Monday, June 15, 2015

ETL Data Flow Architectures

ETLing is the way of getting data from one or more sources into your reporting environment or to a repository that holds enterprise-wide data for all reporting and analytical requirements. It is a common and well-known term in data warehousing because a data warehouse solution is impossible to exist without an ETL implementation.

ETL stands for extract, transform and loading, describing the data flow. Generally we extract data from sources, do validations on extracted data, and load the destination, most of the time, destination is a data warehouse. If the ETL solution is very small and less complex, data flow is always from sources to destination without any middle components. However if it is not, the architecture related to data flow is different and it includes additional components. The architecture of the data flow can be determined by considering following;
  • The number of data sources to be accessed.
  • The amount of data to be accessed and transferred in a single execution.
  • The type of loading, whether it is complete refresh or incremental loading.
  • Complexity of validations to be applied (transformations).
  • Data generation frequency at sources.
  • The extraction windows.
  • The accessibility of data sources.
Considering above factors, there are three possible ETL data flow architectures;

Single-stage ETL architecture
The single-stage ETL architecture is suitable for small and less complex data flows. With this architecture, transformation is done at the extraction and in-flight. 

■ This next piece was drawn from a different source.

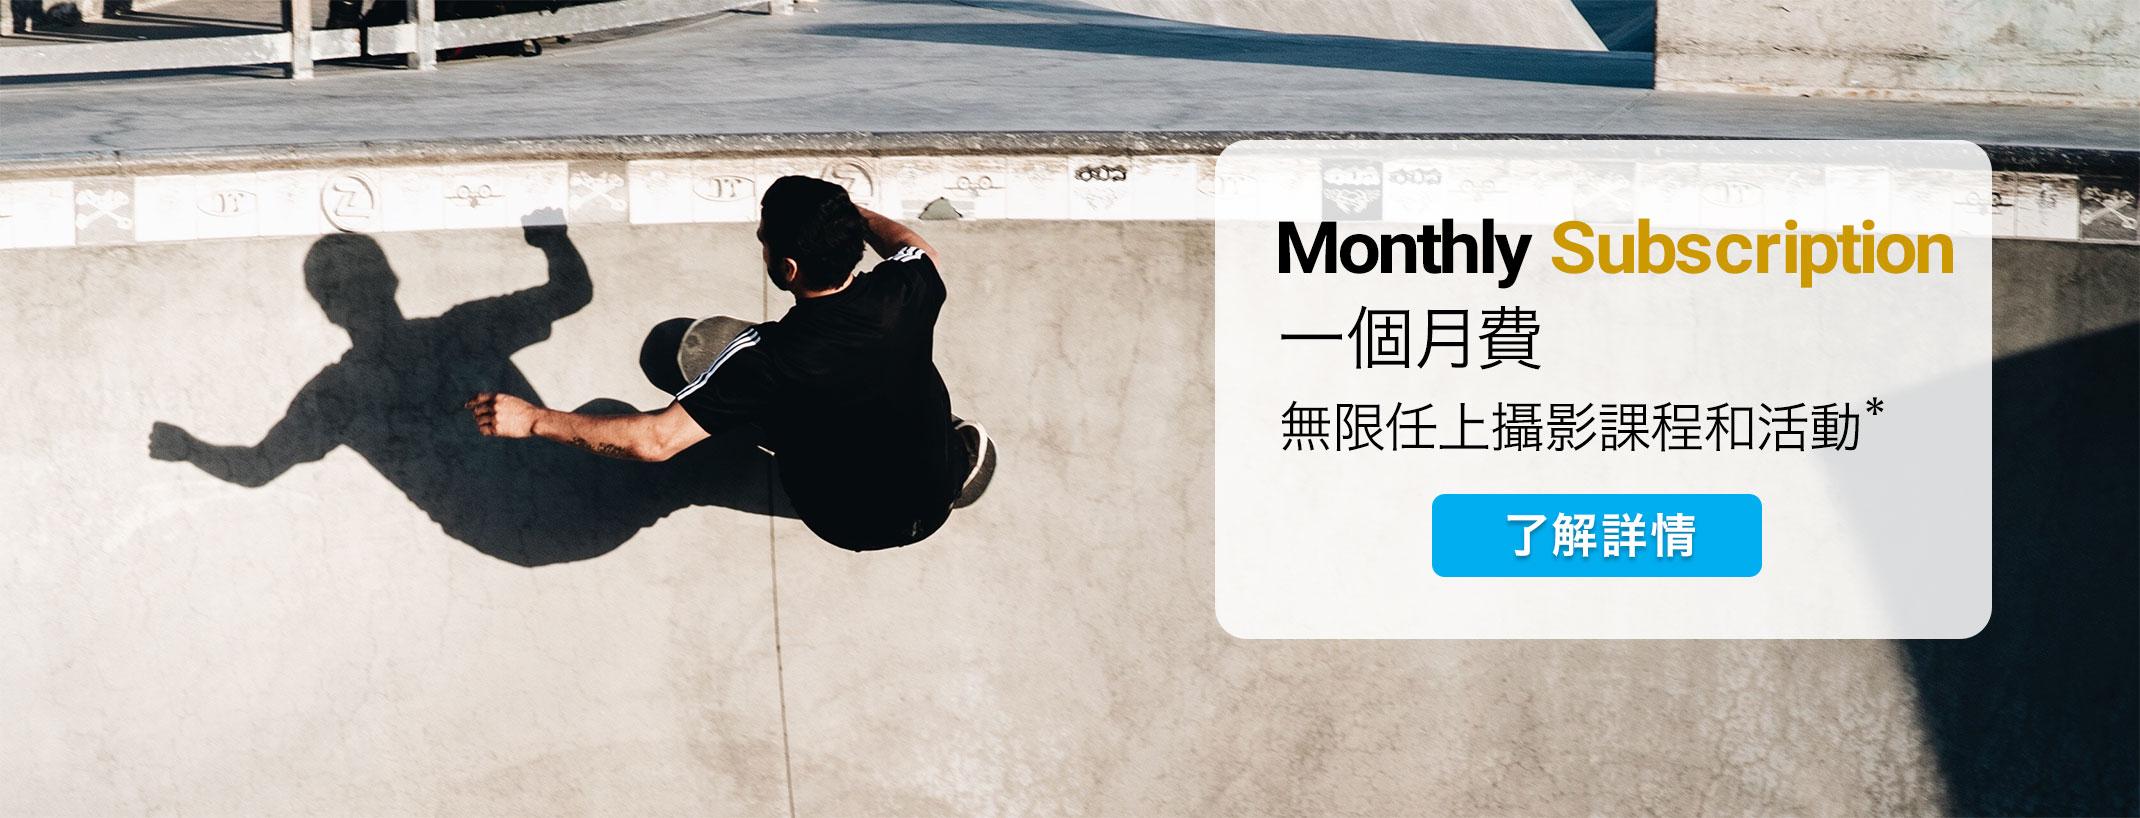 參加 Fotobeginner 月費用戶計劃

Combining First Name, Middle Name and Last Name into Full Name at the extraction and finding duplicates of Customer Entity are some examples for transformations performed with this architecture.


Two-stage ETL architecture
This data flow architecture maintains an additional environment called Staging. It can be a database (in most cases), set of text files or even Excel files. The staging is used as a temporary container for extracted data and it is implemented based on few factors such as different data acquisition windows, identifying modifications done with previously loaded data and auditing purposes. For more info o staging refer my post: Do we need a staging database for warehousing projects?.


Transformation on extracted data can be done in several stages. It can be performed at the extraction from sources and staging, and in-flight between sources and staging, and between staging and destination.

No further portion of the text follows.